▸ **WORK INSTRUCTION**: Apart from the pictures, every entry below must be given again exactly.

▸ **DATA SHOWN**:
--

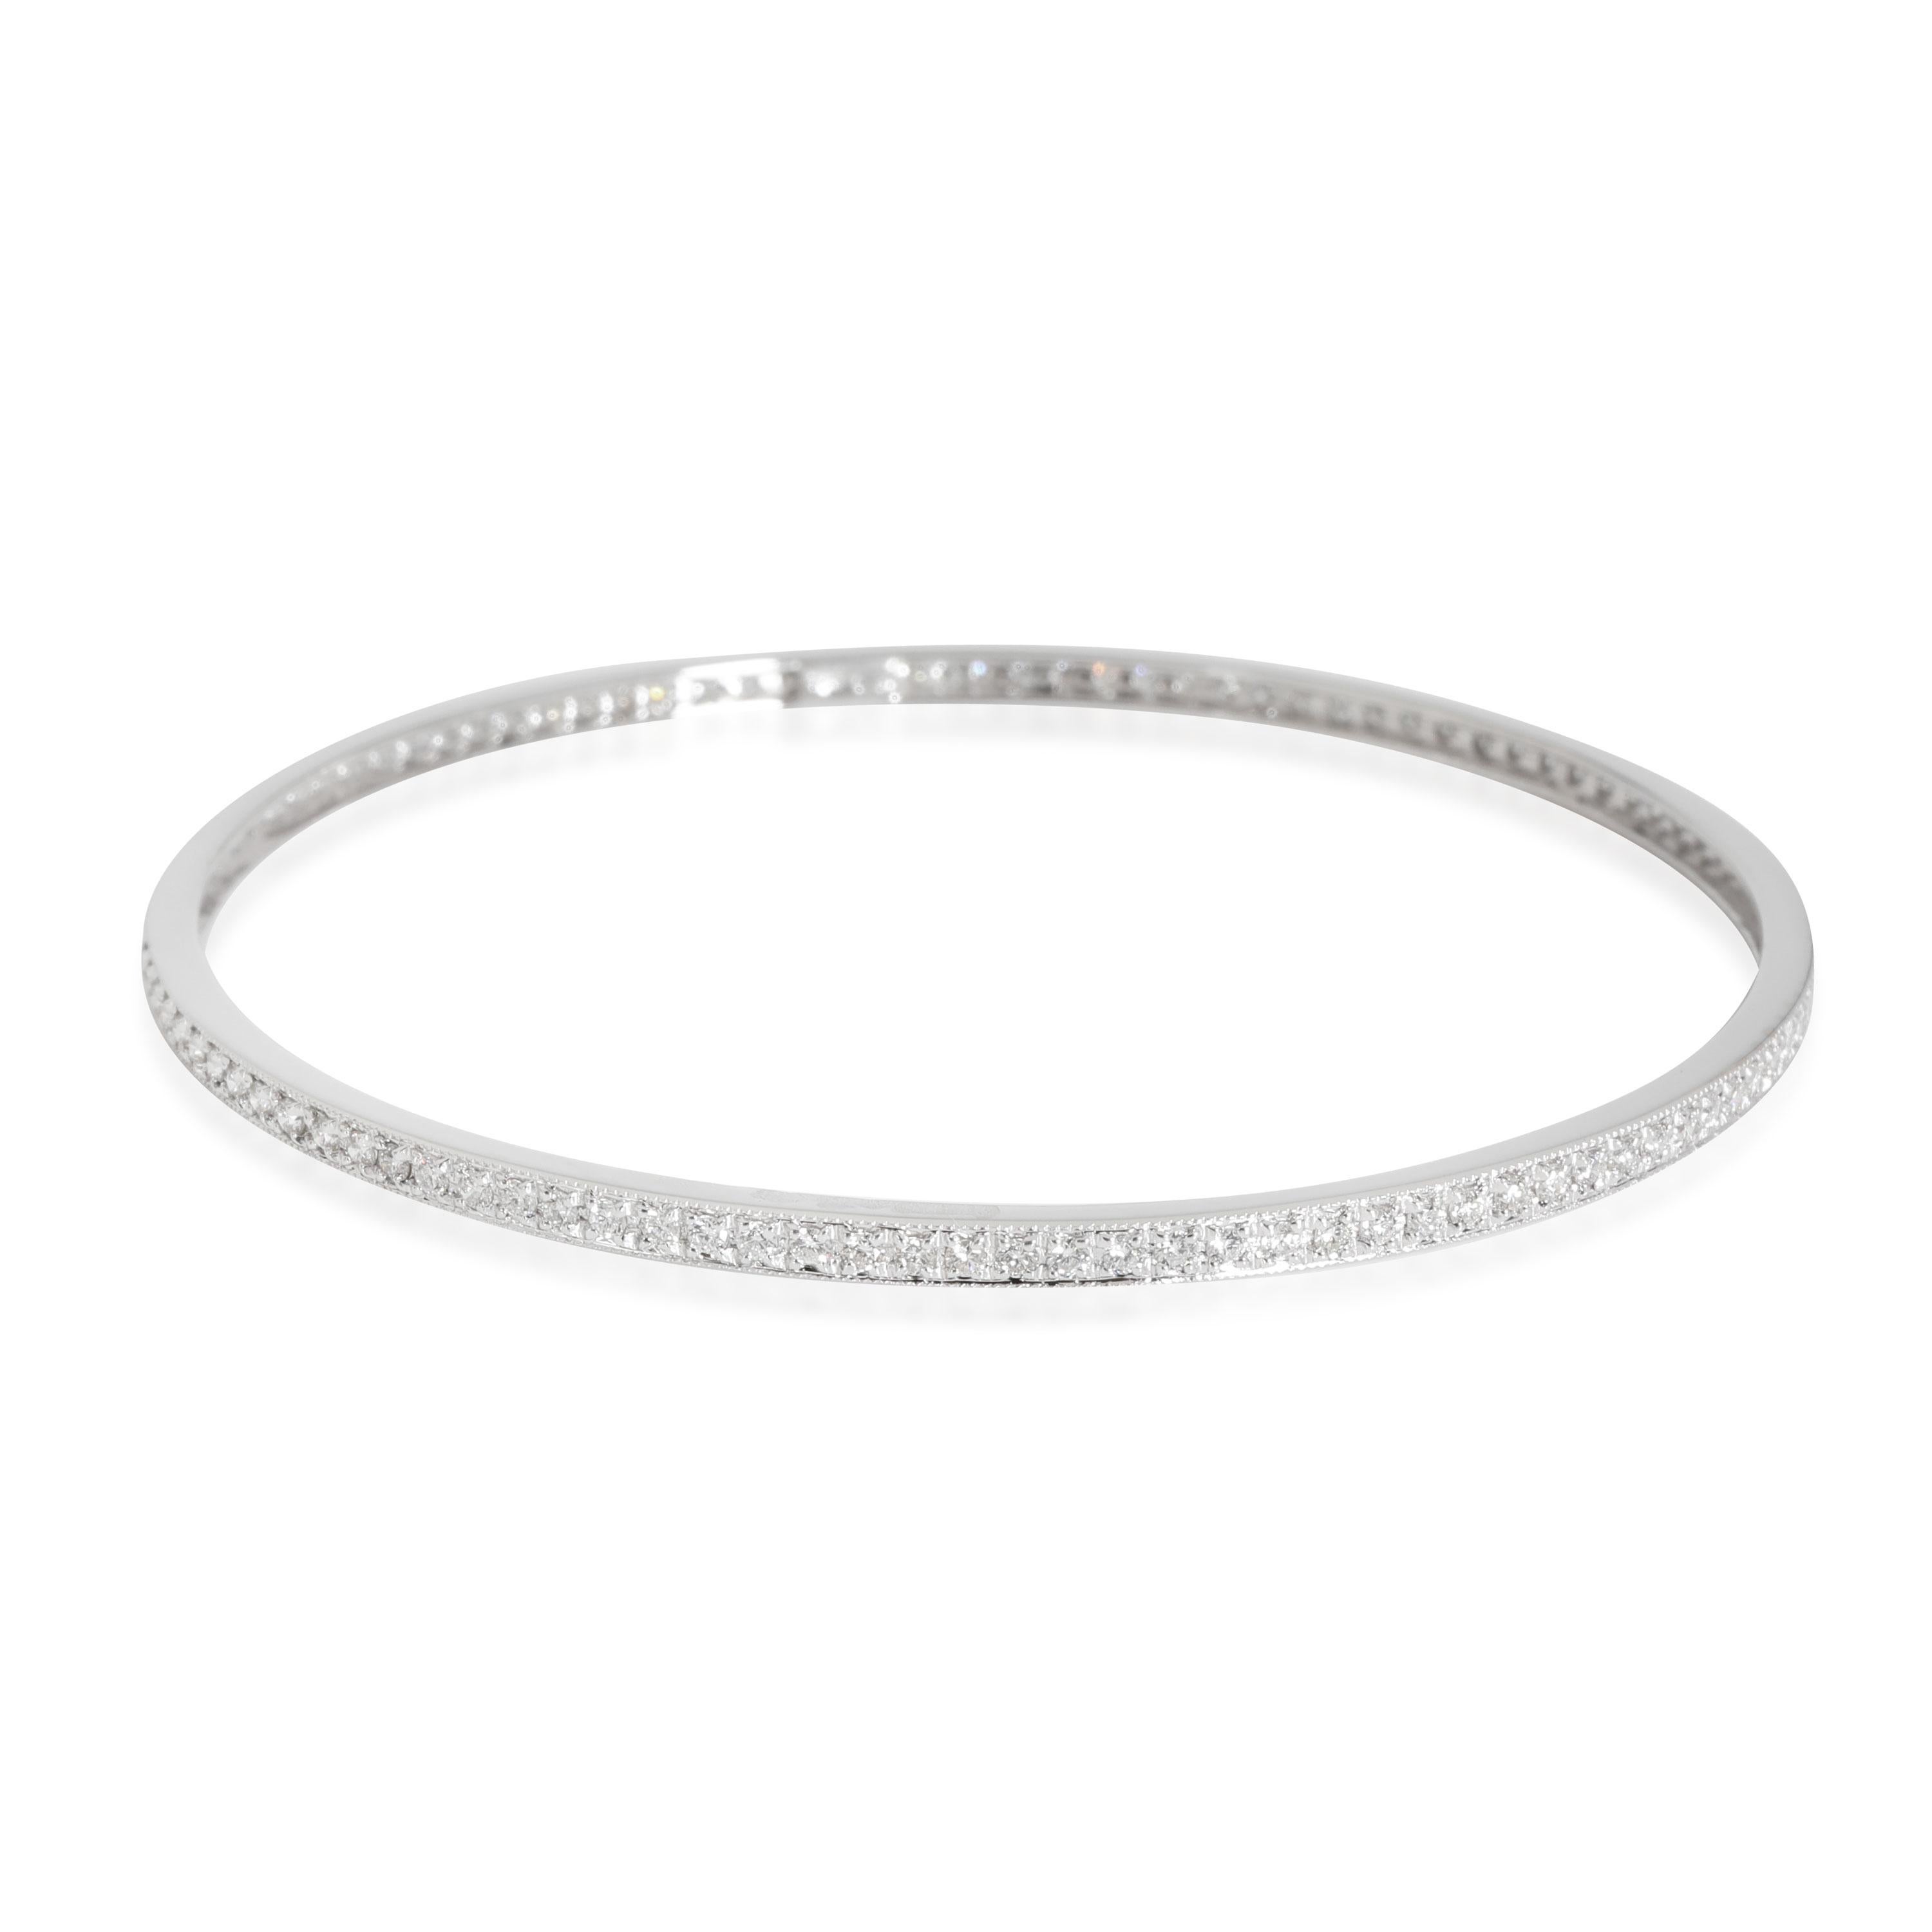 Diamond Slip On Bangle in 18k White Gold 1.75 CTW

PRIMARY DETAILS
SKU: 117279
Listing Title: Diamond Slip On Bangle in 18k White Gold 1.75 CTW
Condition Description: Retails for 2995 USD. In excellent condition and recently polished. Fits an 8 inch
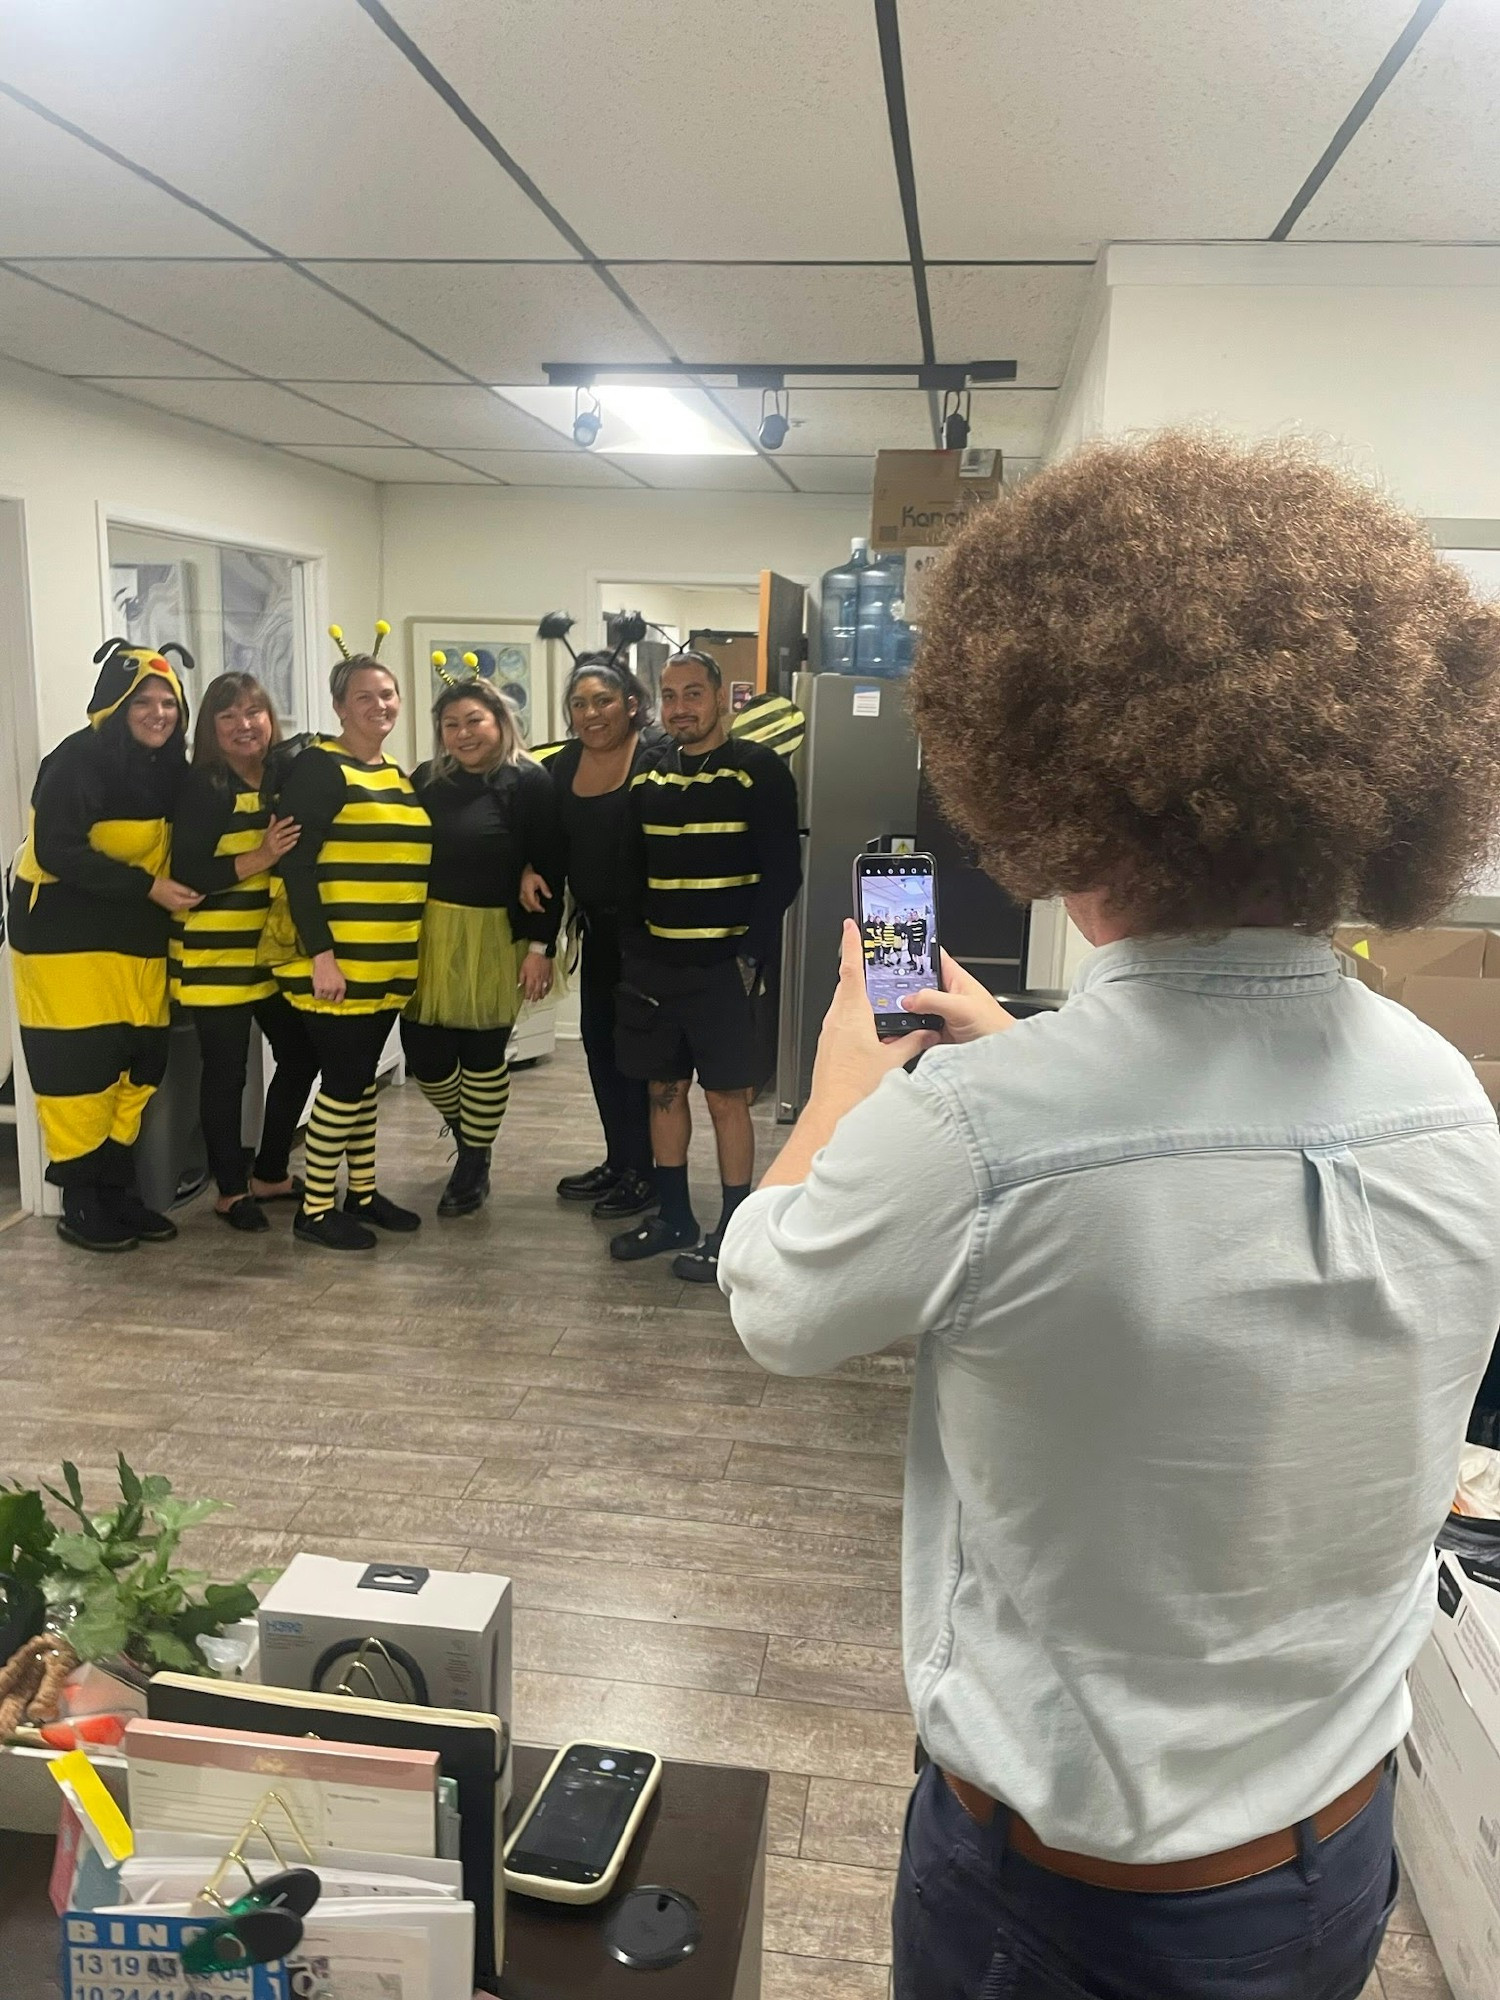 Bob Ross and the Busy Bees celebrating Halloween in Acacia's office.
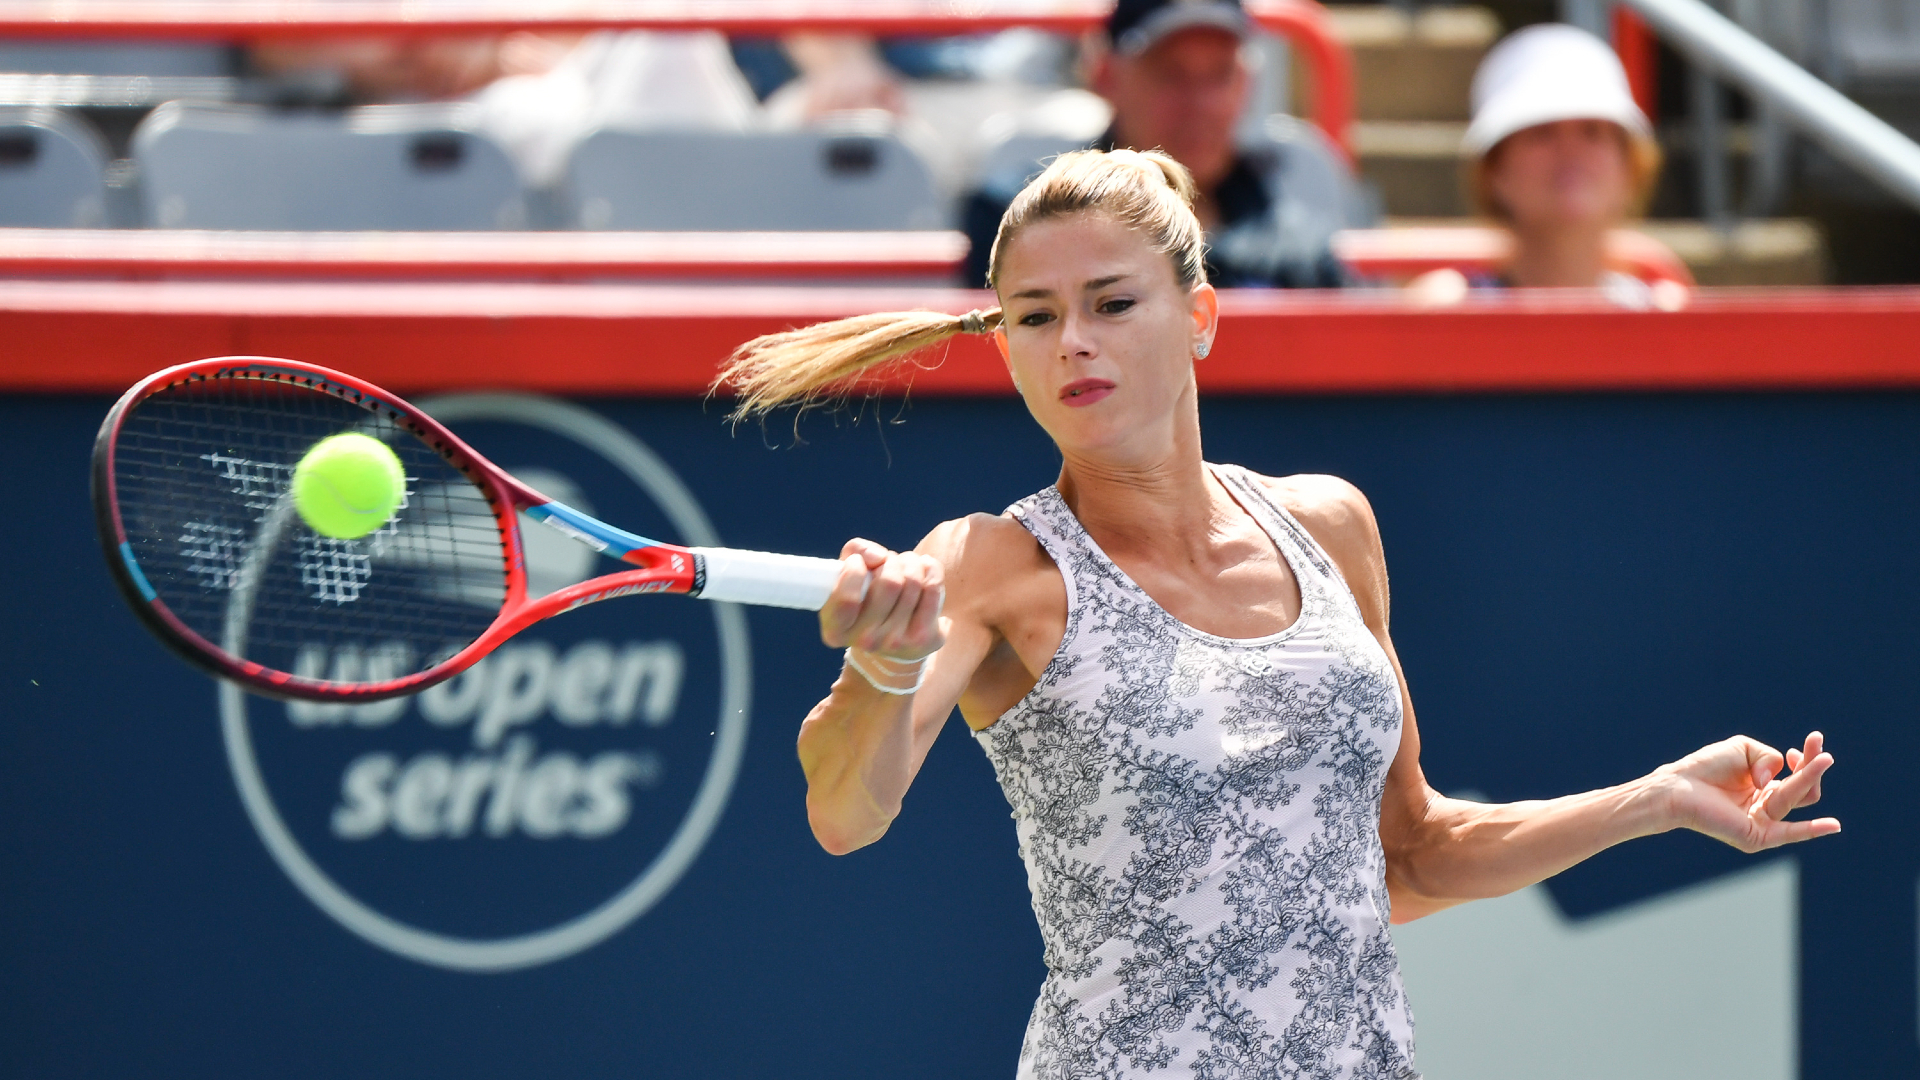 Following wins over Karolina Pliskova in Eastbourne and Tokyo this year, Camila Giorgi again prevailed in the National Bank Open final.

--

▸ **THE COMPLETED TASK**:
 Diamond Slip On Bangle in 18k White Gold 1.75 CTW

PRIMARY DETAILS
SKU: 117279
Listing Title: Diamond Slip On Bangle in 18k White Gold 1.75 CTW
Condition Description: Retails for 2995 USD. In excellent condition and recently polished. Fits an 8 inch
 Bob Ross and the Busy Bees celebrating Halloween in Acacia's office.
 Following wins over Karolina Pliskova in Eastbourne and Tokyo this year, Camila Giorgi again prevailed in the National Bank Open final.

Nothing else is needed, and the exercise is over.